The data below should be printed in full, exactly, and without any of its images.

### Recorded data
-*-*-
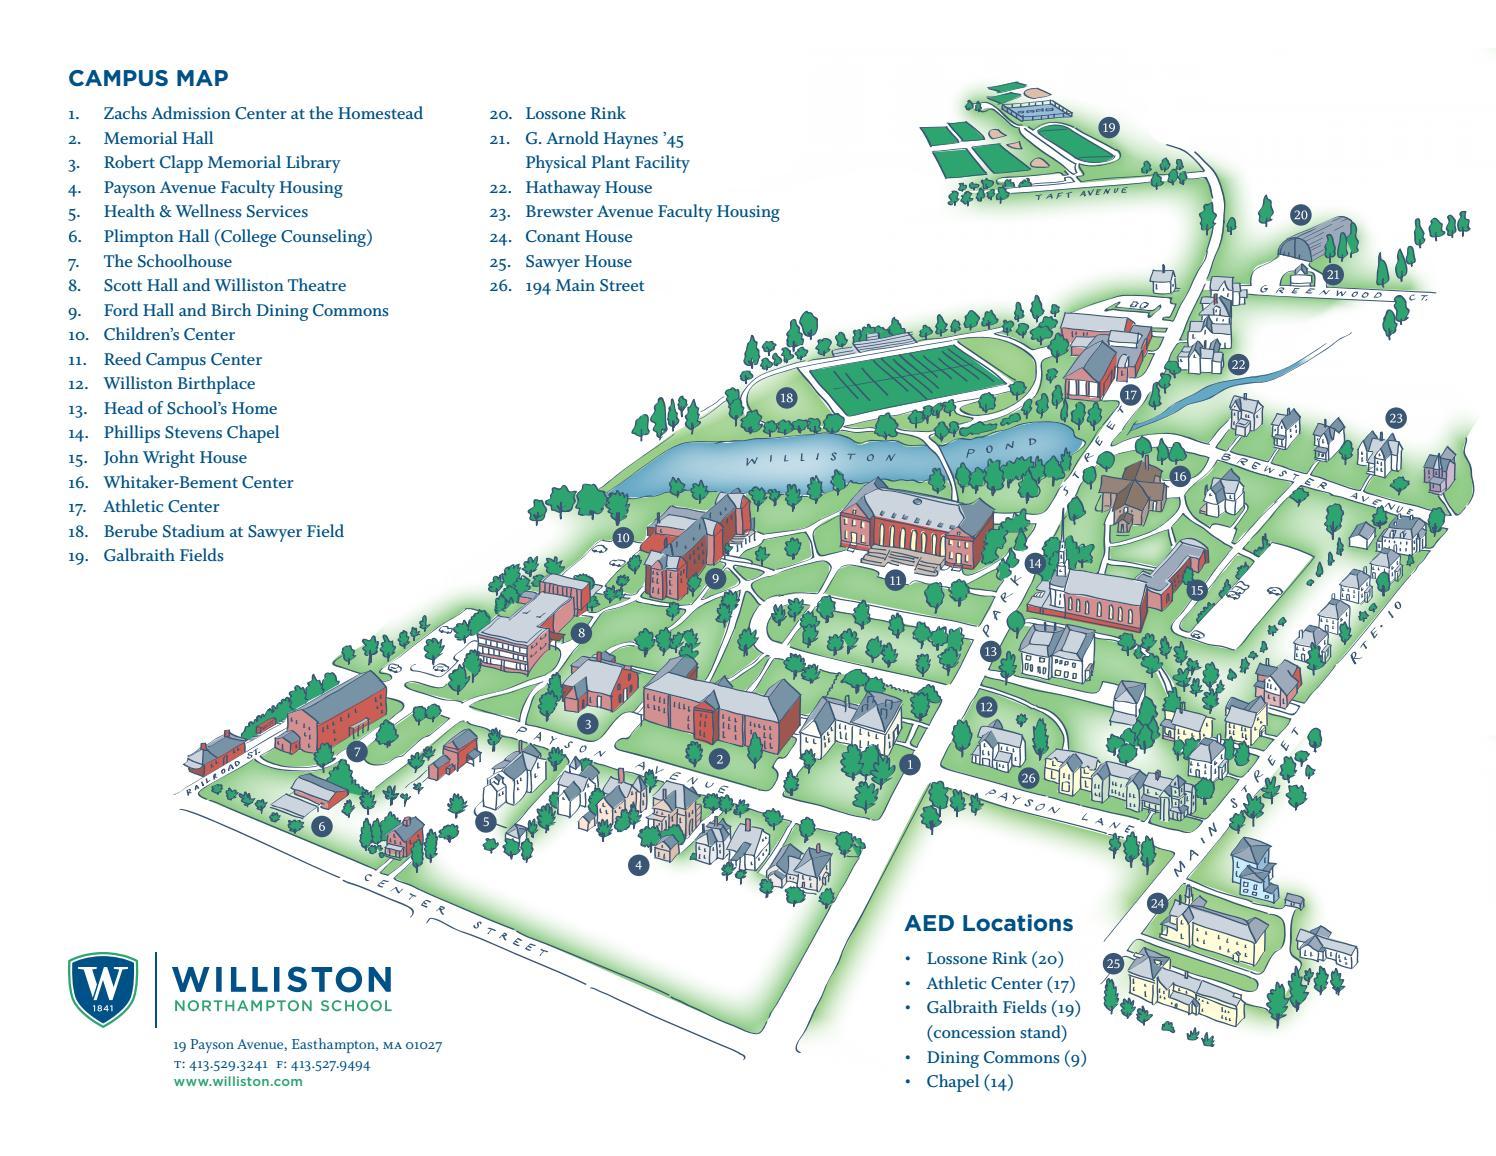 the williston northampton school campus map by williston northampton school issuu. the williston northampton school campus map by williston
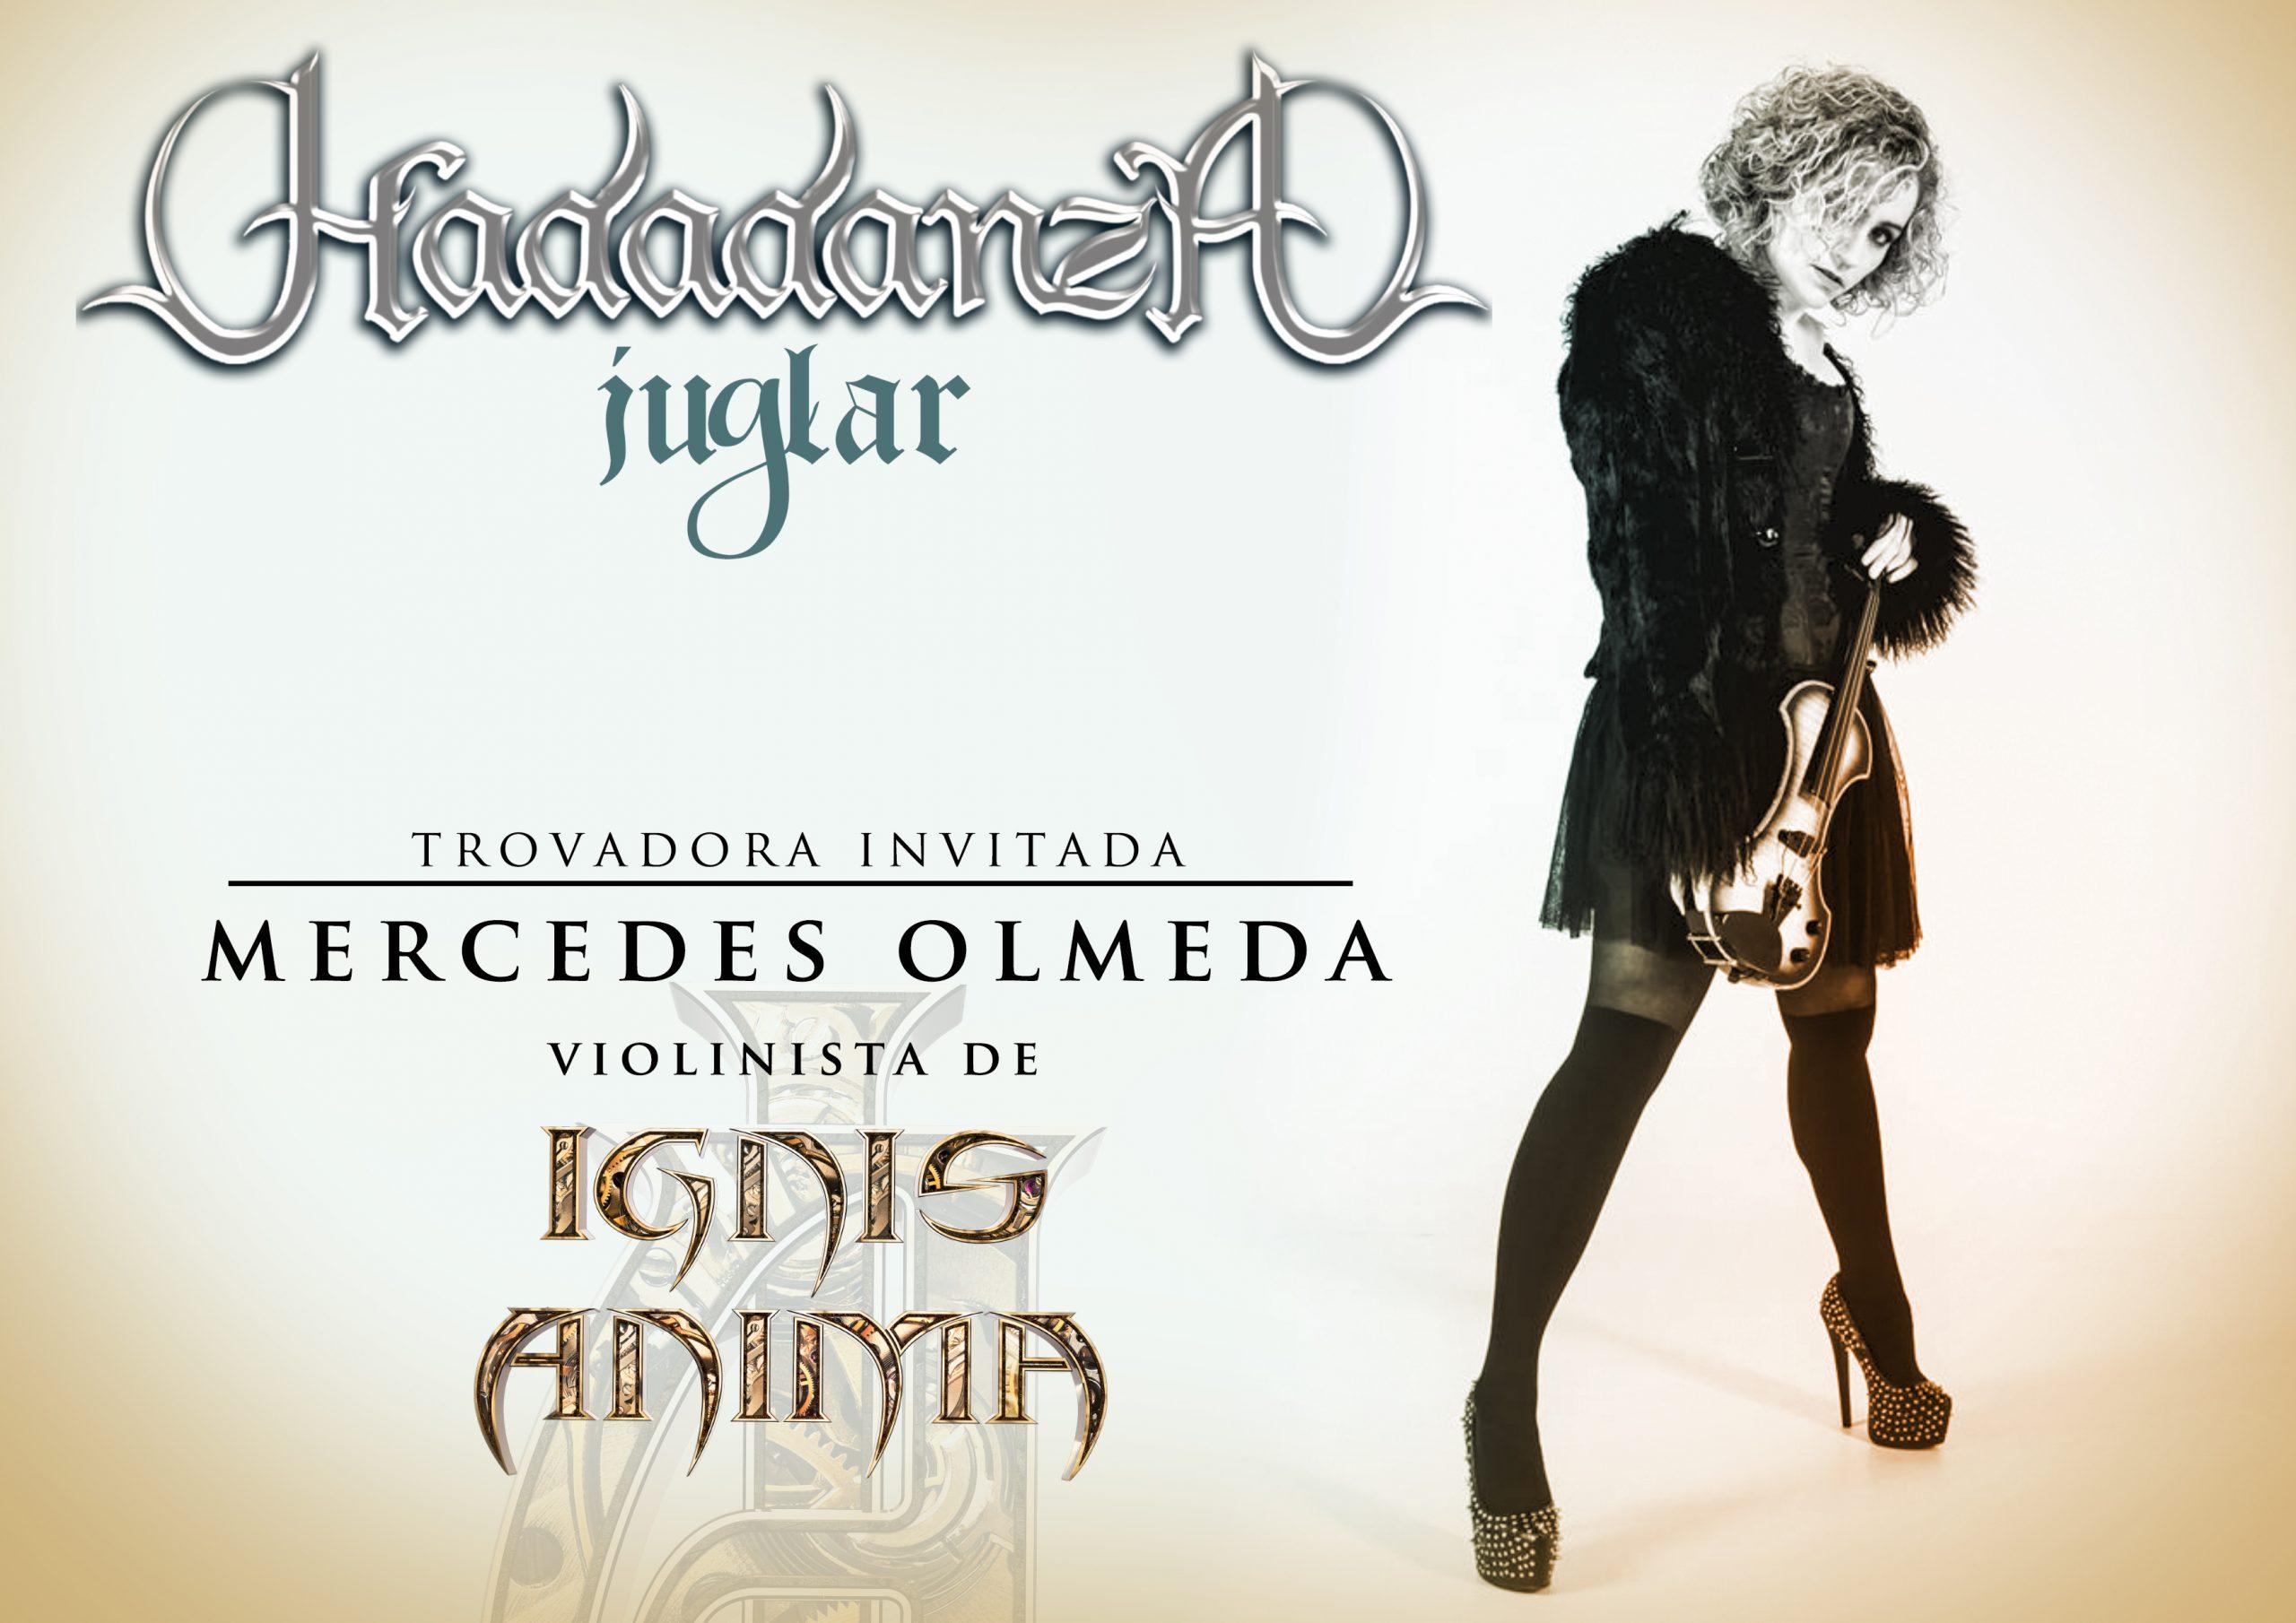 FOLK METAL ROCK - MERCEDES OLMEDA EN JUGLAR
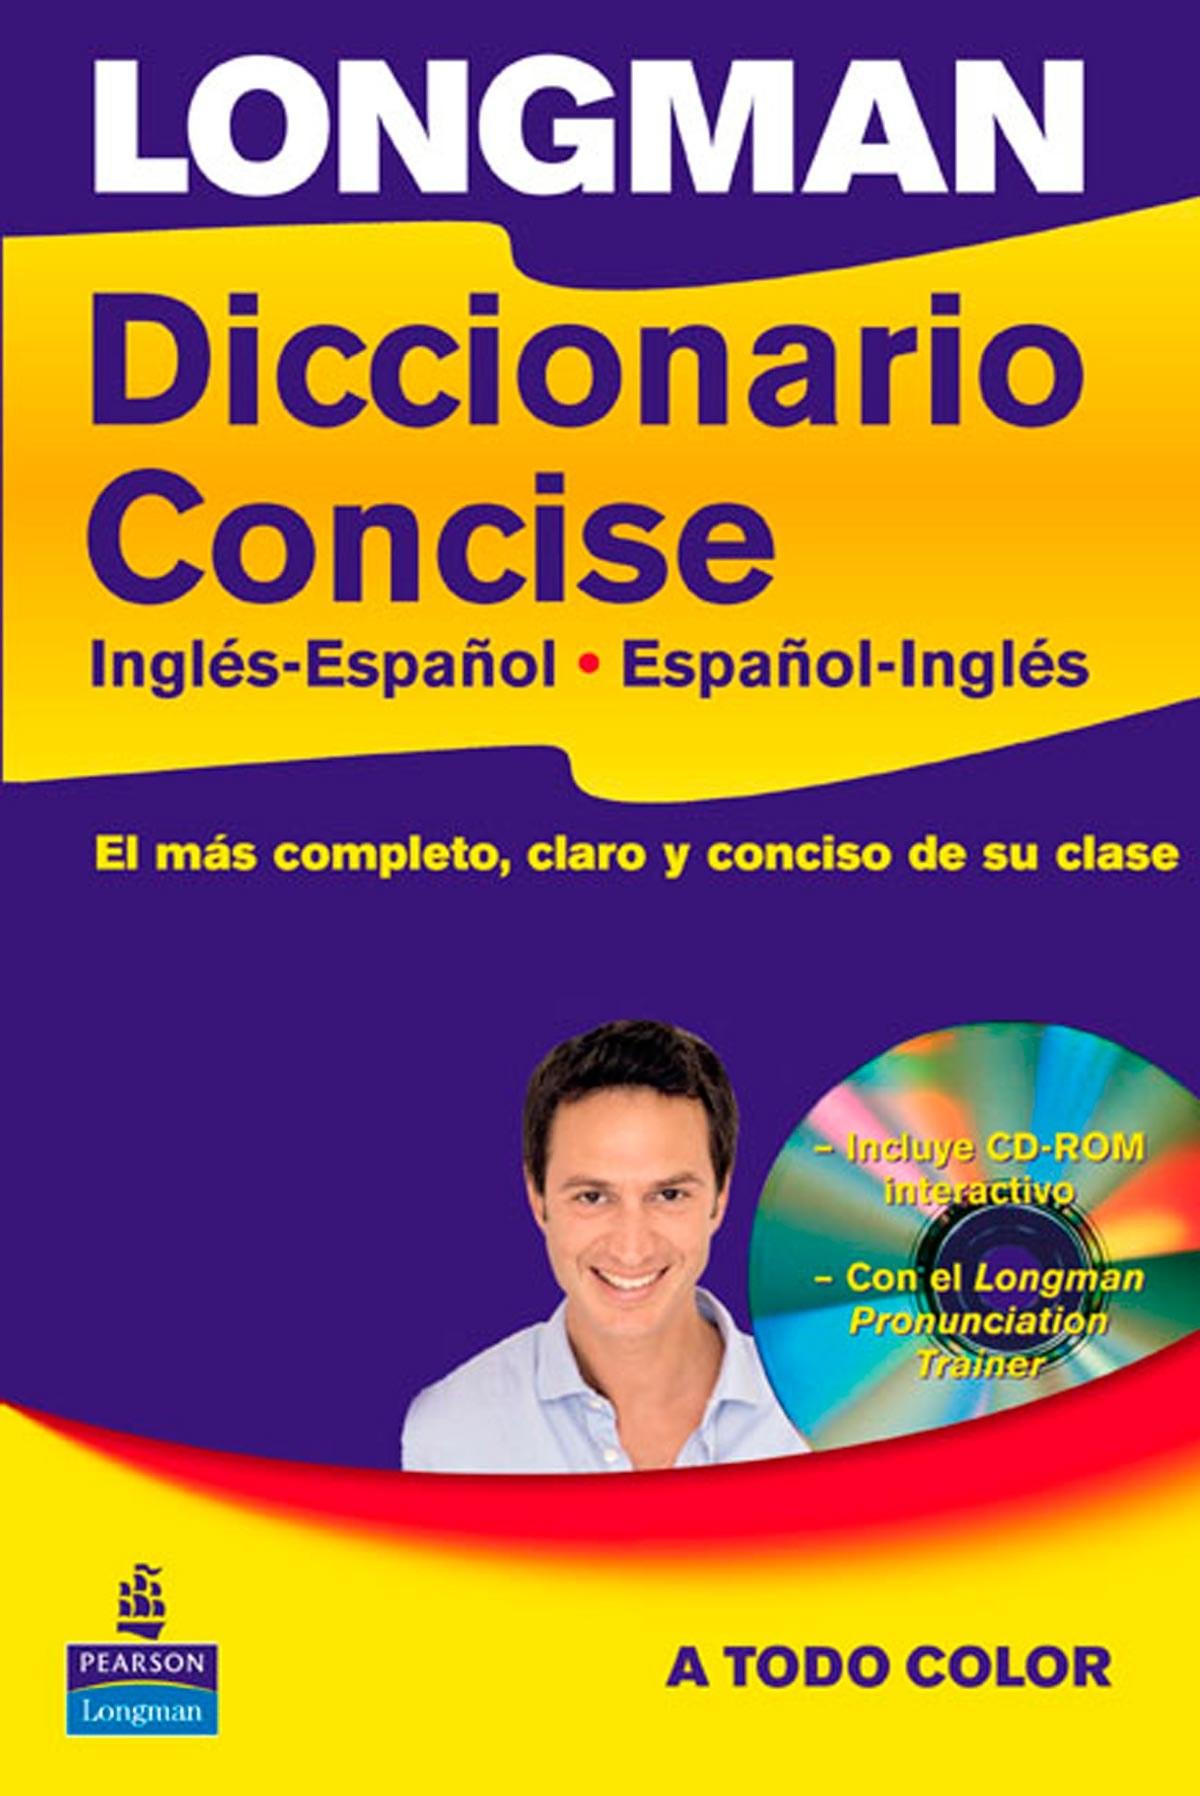 Longman diccionario Concise ingles-español/ español-ingles 9781405831505
-*-*-
### Result of the task
 the williston northampton school campus map by williston northampton school issuu. the williston northampton school campus map by williston
 FOLK METAL ROCK - MERCEDES OLMEDA EN JUGLAR
 Longman diccionario Concise ingles-español/ español-ingles 9781405831505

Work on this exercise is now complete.